Staff from the Department of Physics have delivered a miniature instrument for a new kind of European Space Agency space weather monitoring mission.

The RadCube mission is designed to test new technologies for monitoring space weather – the variations in the solar wind coming from the Sun, which can disrupt and damage satellites and infrastructure on Earth.

It's a real testament to the ability, and tenacity, of the team to work against such challenges to get the job done. Dr Jonathan Eastwood

RadCube is a ‘cubesat’ mission, which are designed to use smaller, cheaper and lower-power components than traditional space missions. The technologies in RadCube, if proven to work well in space, could be used in a range of future missions, such as constellations of multiple cubesats working together to measure the solar wind. CubeSat spacecraft are typically constructed upon multiples of 10 × 10 × 10 cm cubes, and RadCube is made up of three of these base units.

Imperial academics and technicians from the Department of Physics this week delivered a miniature magnetometer to the project in Hungary – an instrument that measures the interactions between the Earth’s magnetic field and that carried by the solar wind, which is a major component of space weather monitoring.

MAGIC monitoring

The individual detectors on their instrument – called MAGIC (MAGnetometer from Imperial College) – are less than a millimetre in size, and the total instrument sensor is only four centimetres cubed.
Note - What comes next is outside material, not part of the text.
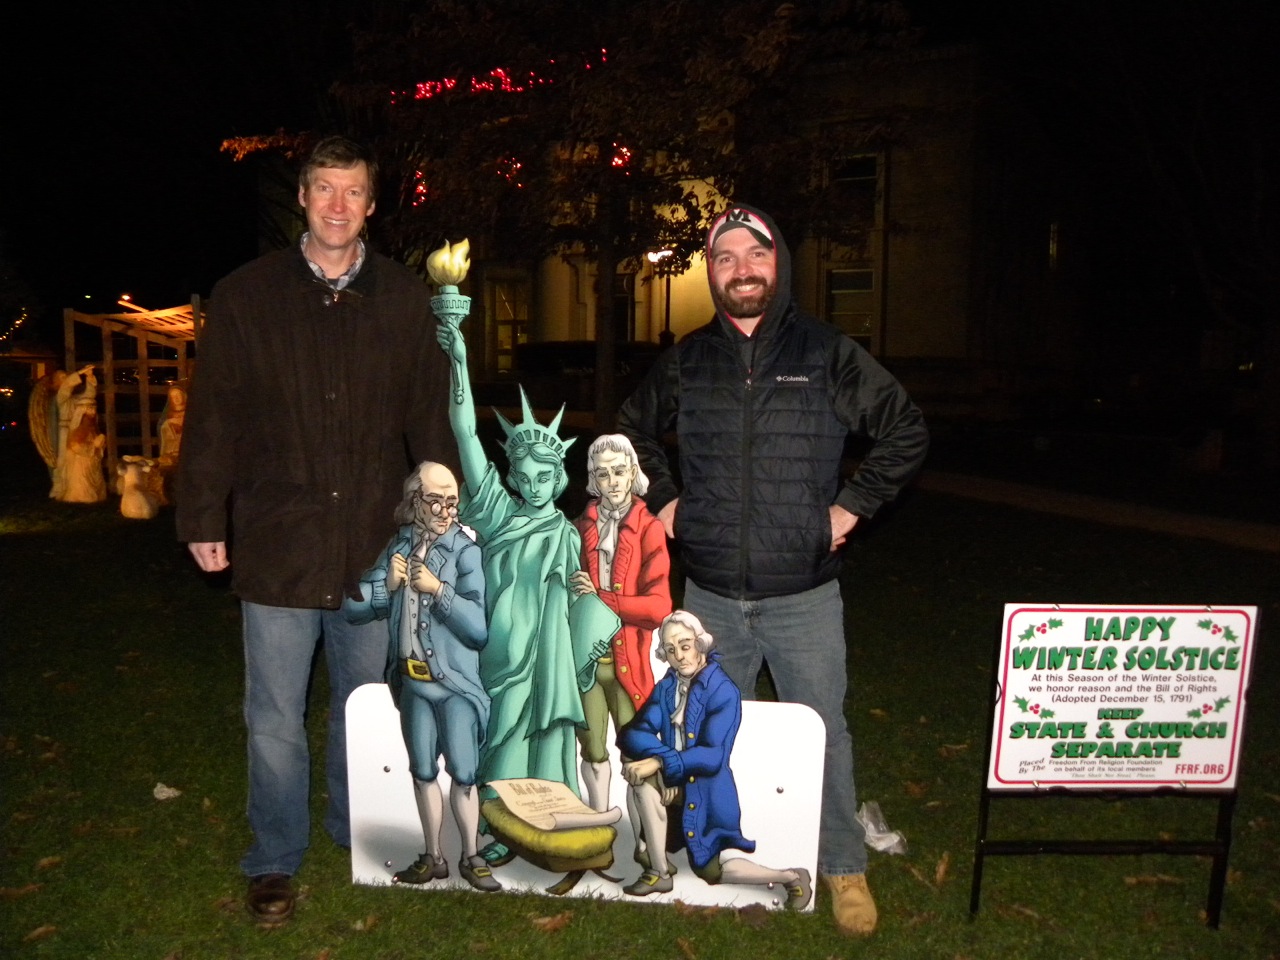 Secular Bill of Rights Display Counters Nativity Scene on Grundy County (IL) Courthouse Lawn

This is in comparison to the sophisticated magnetometers the lab builds for large and expensive space missions, such as the recent Solar Orbiter mission and the upcoming JUICE mission, which are much larger and weigh a couple of kilograms.

The MAGIC instrument also uses less than a watt of power, compared to up to 20 watts for the larger instruments. While MAGIC is not as sensitive as these larger instruments, as it is much cheaper to build and uses far less power, the technology could be carried on several spacecraft working in tandem. In this way, the lower-quality data is compensated by a much larger volume of data.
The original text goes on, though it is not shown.